We were closing in on Wallis as he began his high-speed descent toward Clayton, a snaky and steep slide that sent my guts into my throat. I clenched the microphone so hard I put fingernail marks in the plastic.

I called in our location again: we were heading into the Upper Haight, a residential area of Tudor and Victorian houses occupied by young families who lived on the genteel tree-lined streets.

A child, a woman, and a dog appeared in our windshield. I screamed, “Noooo!” Conklin leaned on the horn and the brakes, took us up on the sidewalk, our wheels flying over the curb, our siren wailing like a wounded banshee as we slammed back onto the street.

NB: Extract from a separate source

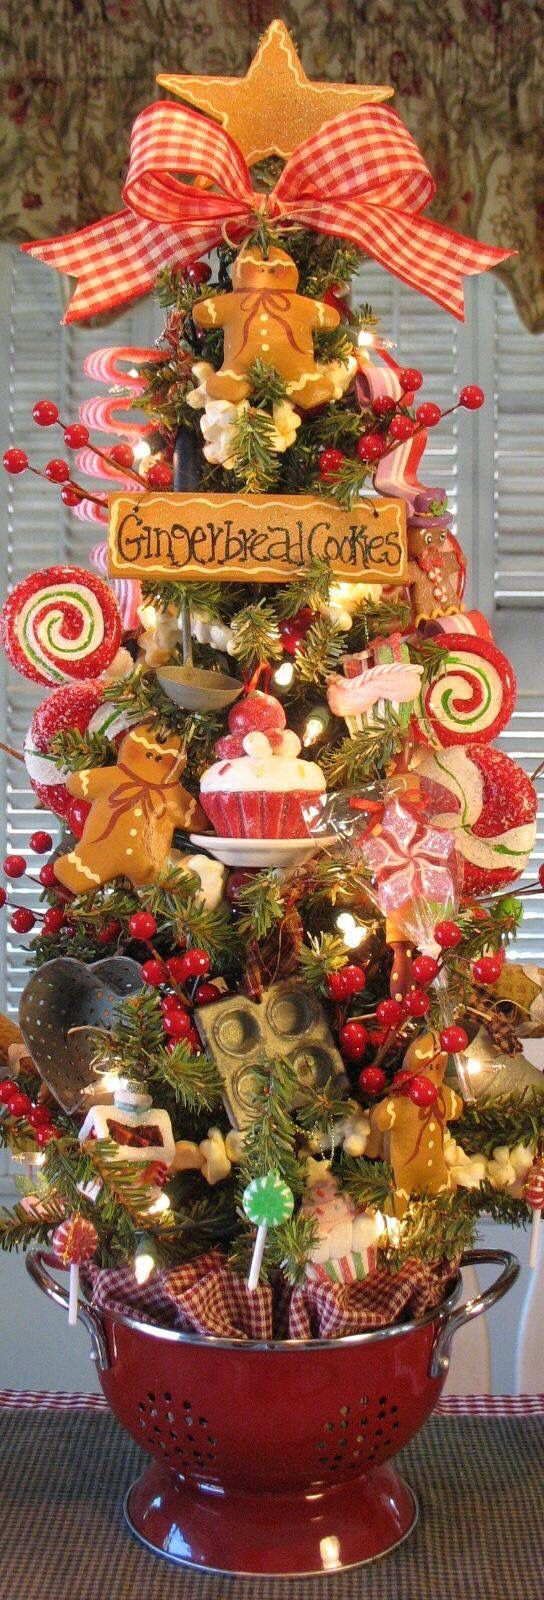 Love, love love this cute kitchen tree!

Conklin grunted. “Everything’s under control.”

Who was he kidding?

I looked behind us and saw no bodies in the street, but still my heart was airborne. Were we going to survive this joyride? Would we kill people today?

“Where is this asshole taking us?” I asked the air.

“To hell. He’s taking us to hell,” Conklin said.

Did he know?

I think he did. Somehow Conklin instinctively knew where Henry Wallis was heading.